Problem description
Reproduce the full listing below exactly. Do not include the pictures.

Supplied data
:::
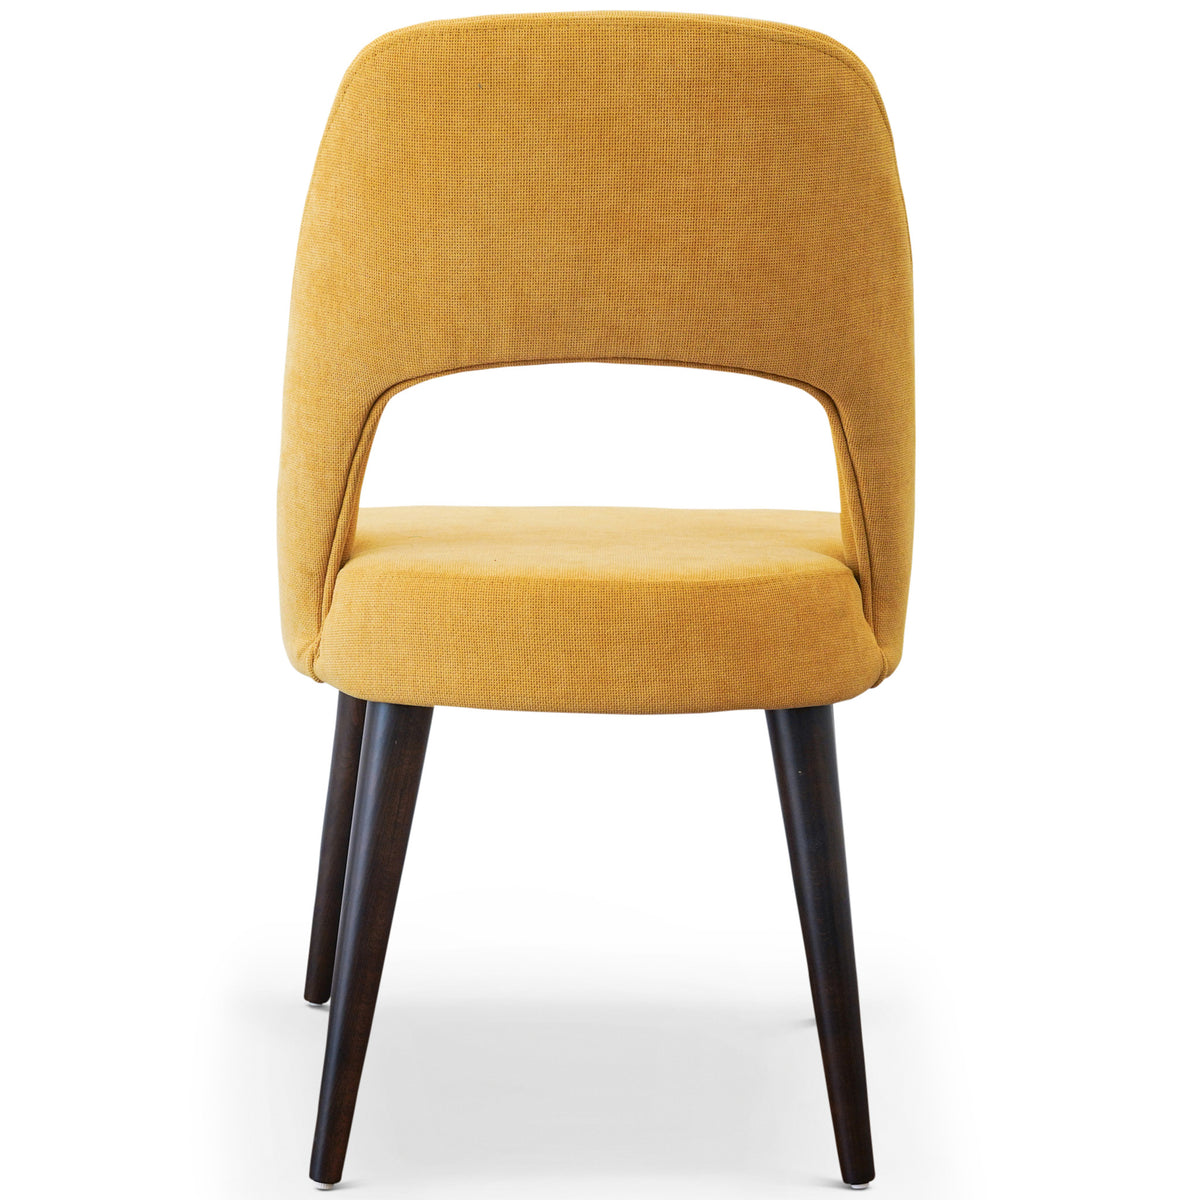 Ariana Mid Century Modern Yellow Dining Chair
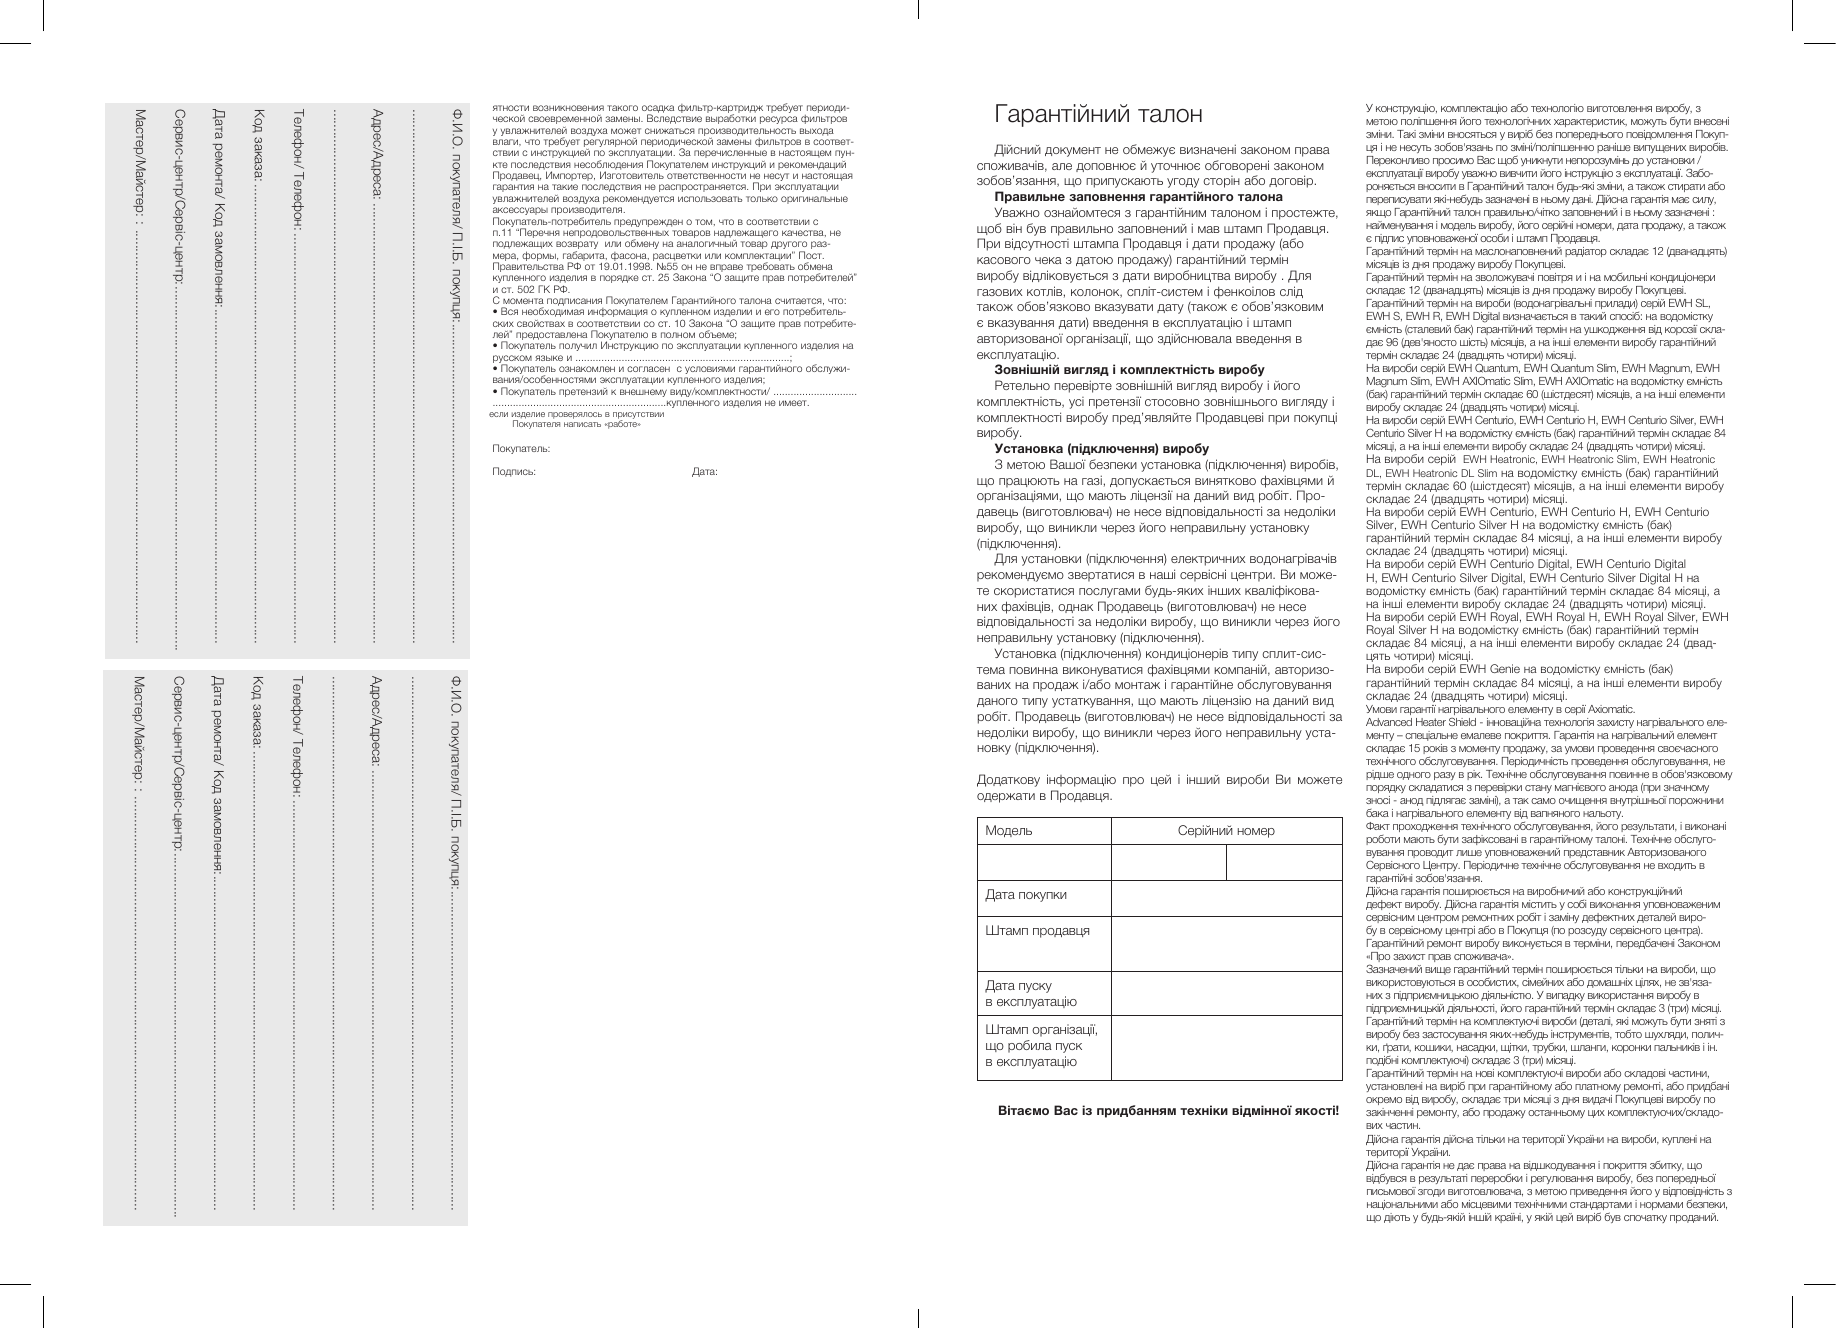 Page 8 of 11 - EWH AXIOmatic_manual  Manual EWH-AXIOmatic
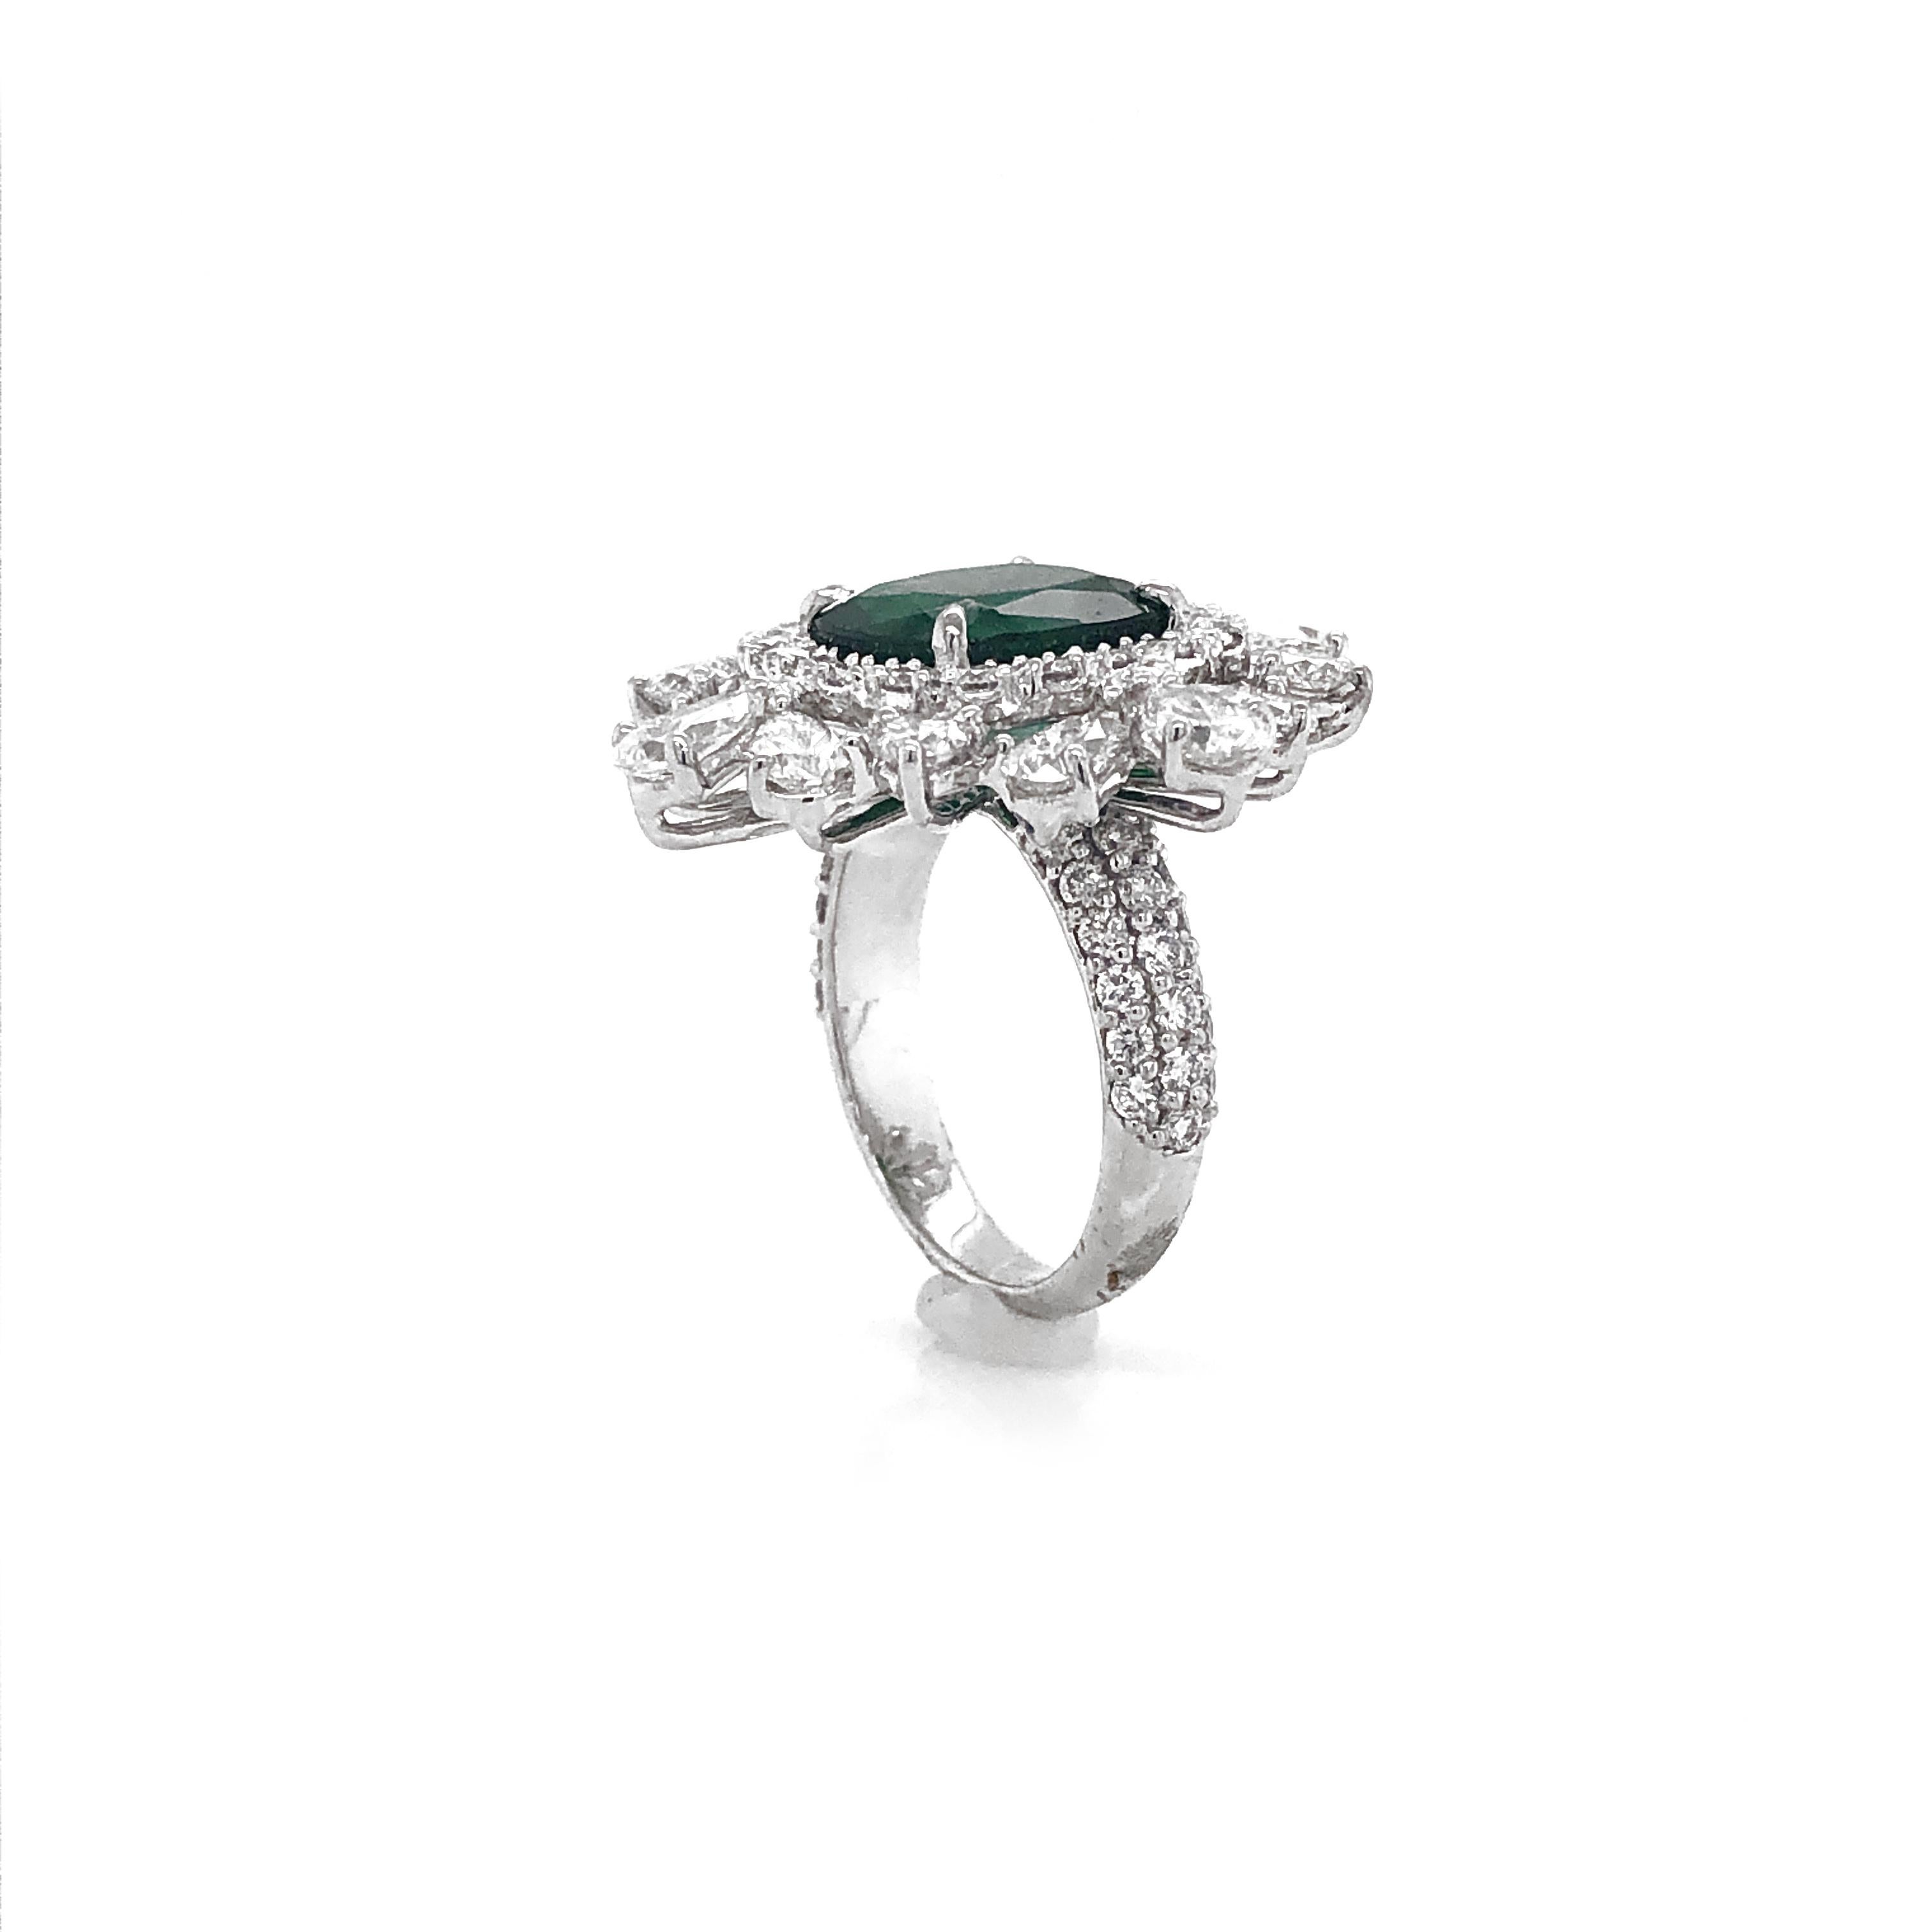 Certified Zambian Cushion Cut Emerald 4.65 Carat Diamond Platinum Cocktail Ring For Sale 4
:::
Answer to this task
 Ariana Mid Century Modern Yellow Dining Chair
 Page 8 of 11 - EWH AXIOmatic_manual  Manual EWH-AXIOmatic
 Certified Zambian Cushion Cut Emerald 4.65 Carat Diamond Platinum Cocktail Ring For Sale 4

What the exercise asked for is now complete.